**EXERCISE GOAL**. Once the images are set aside, print the remaining lines below exactly.

**PROVIDED DATA**.
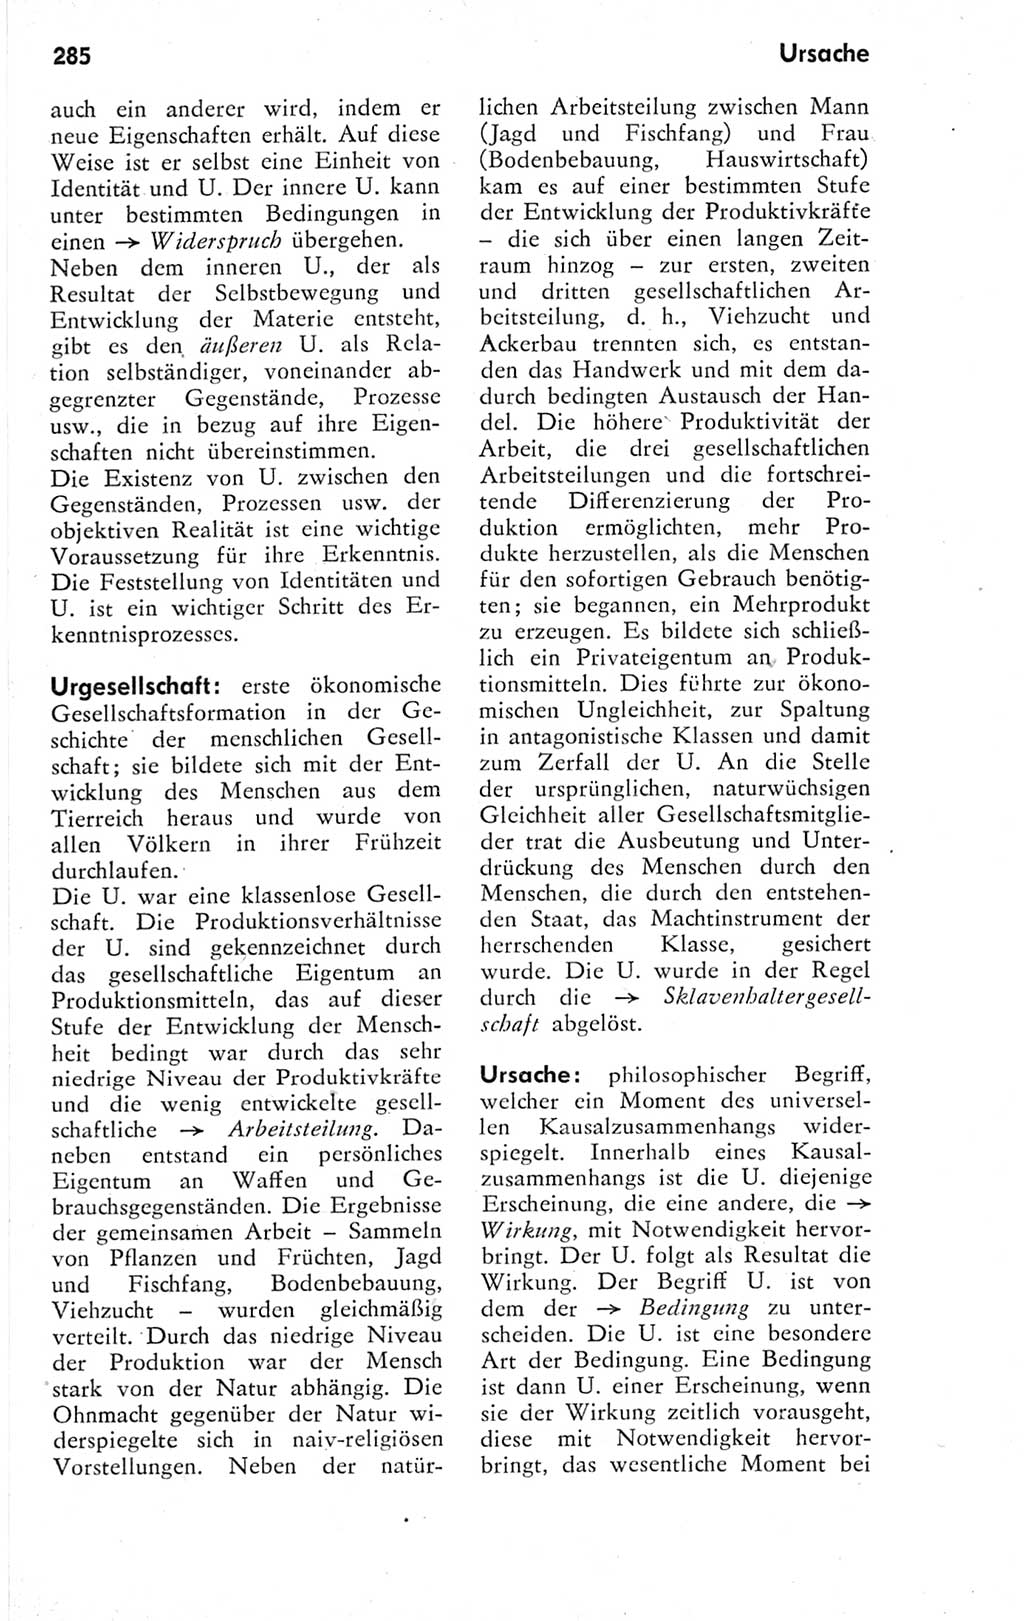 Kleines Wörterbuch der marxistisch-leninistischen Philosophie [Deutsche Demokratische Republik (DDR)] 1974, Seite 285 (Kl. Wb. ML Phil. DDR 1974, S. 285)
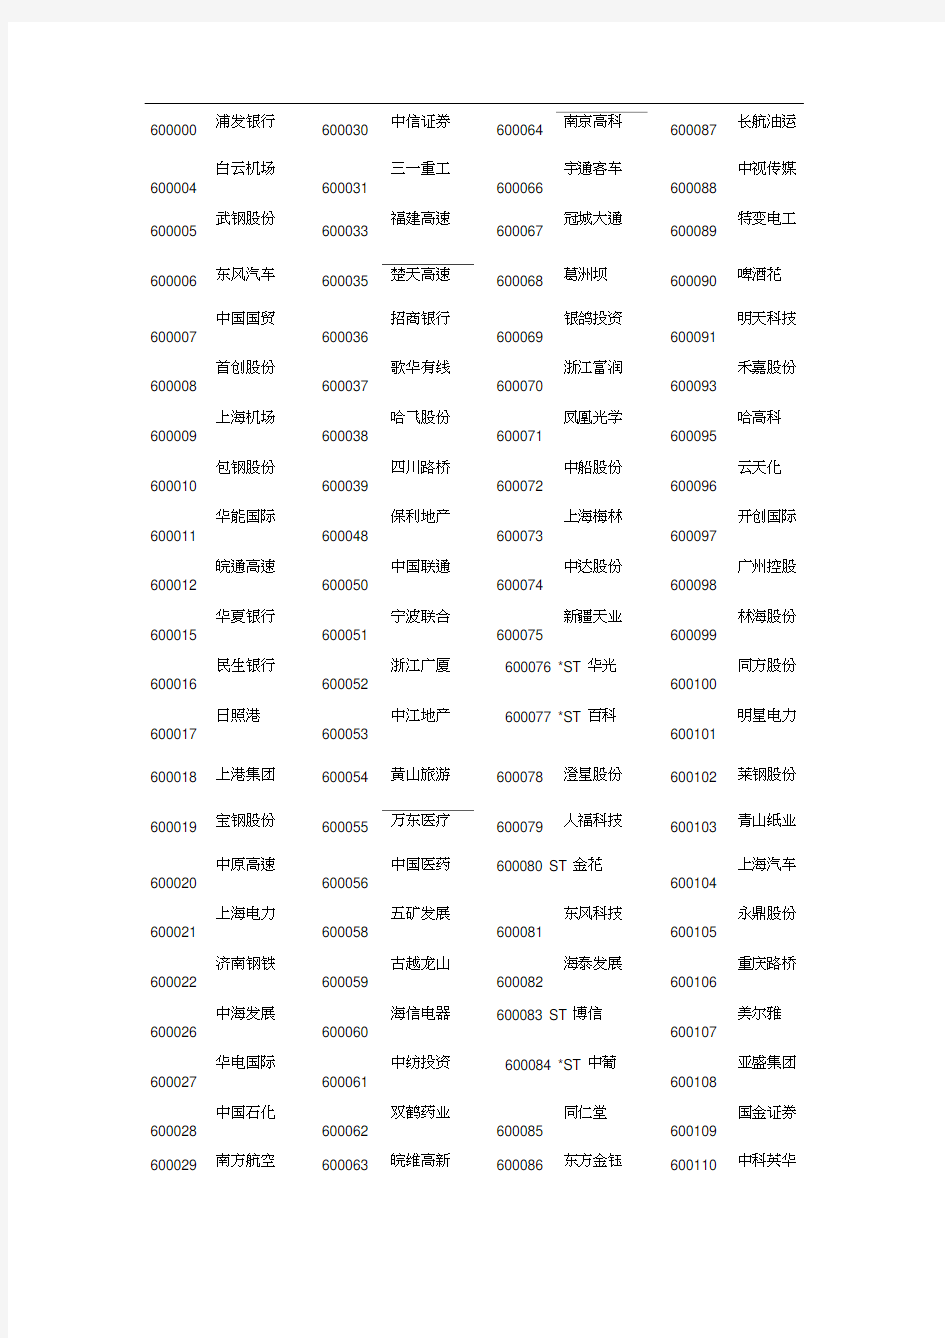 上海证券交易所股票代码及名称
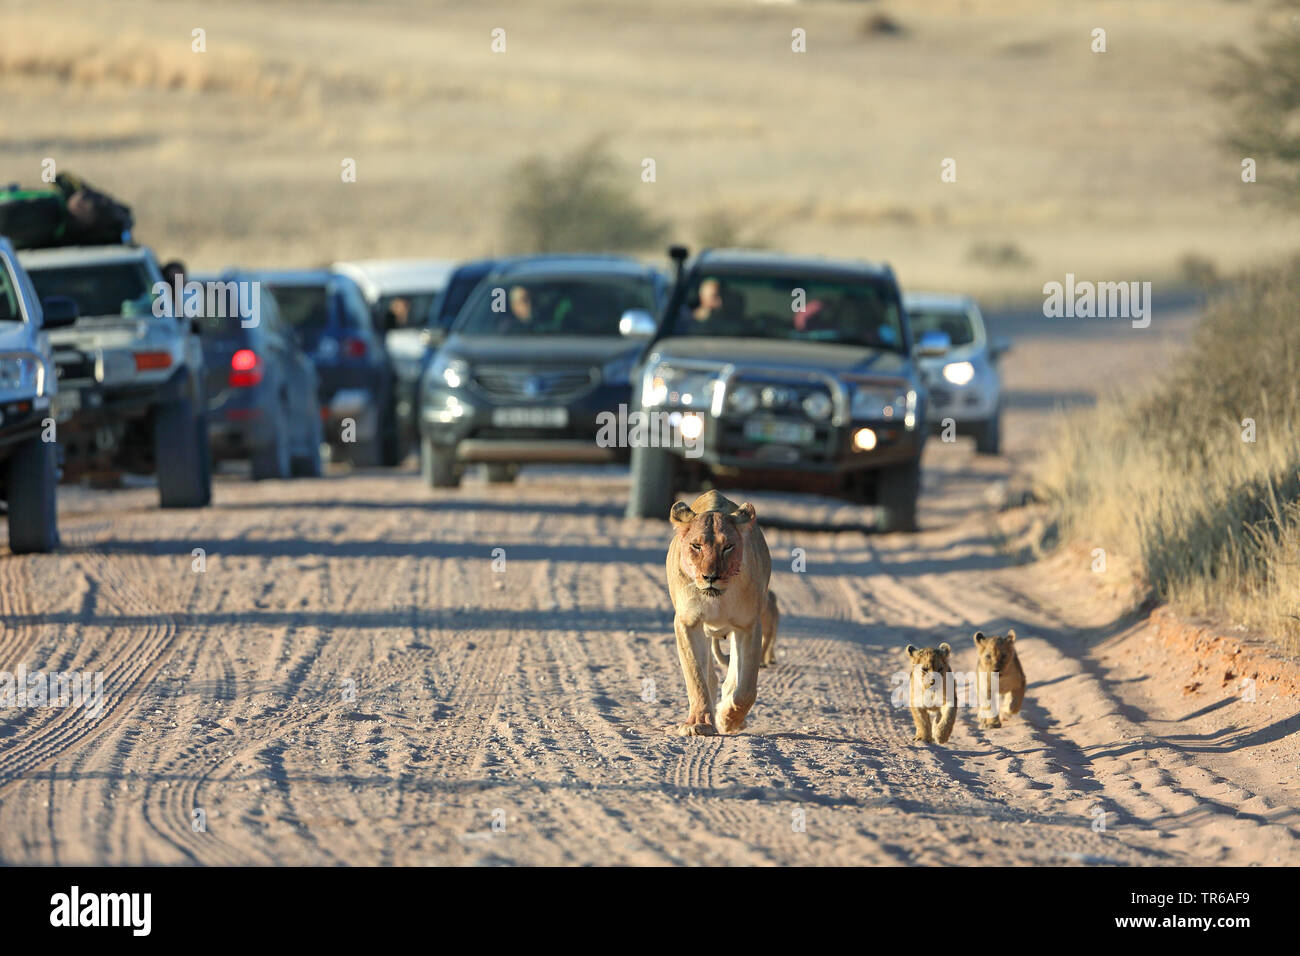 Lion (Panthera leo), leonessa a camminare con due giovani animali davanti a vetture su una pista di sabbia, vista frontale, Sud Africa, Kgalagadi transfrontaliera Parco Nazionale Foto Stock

**EXERCISE SOLUTION**.
 Kleines Wörterbuch der marxistisch-leninistischen Philosophie [Deutsche Demokratische Republik (DDR)] 1974, Seite 285 (Kl. Wb. ML Phil. DDR 1974, S. 285)
 上海证券交易所股票代码及名称
 Lion (Panthera leo), leonessa a camminare con due giovani animali davanti a vetture su una pista di sabbia, vista frontale, Sud Africa, Kgalagadi transfrontaliera Parco Nazionale Foto Stock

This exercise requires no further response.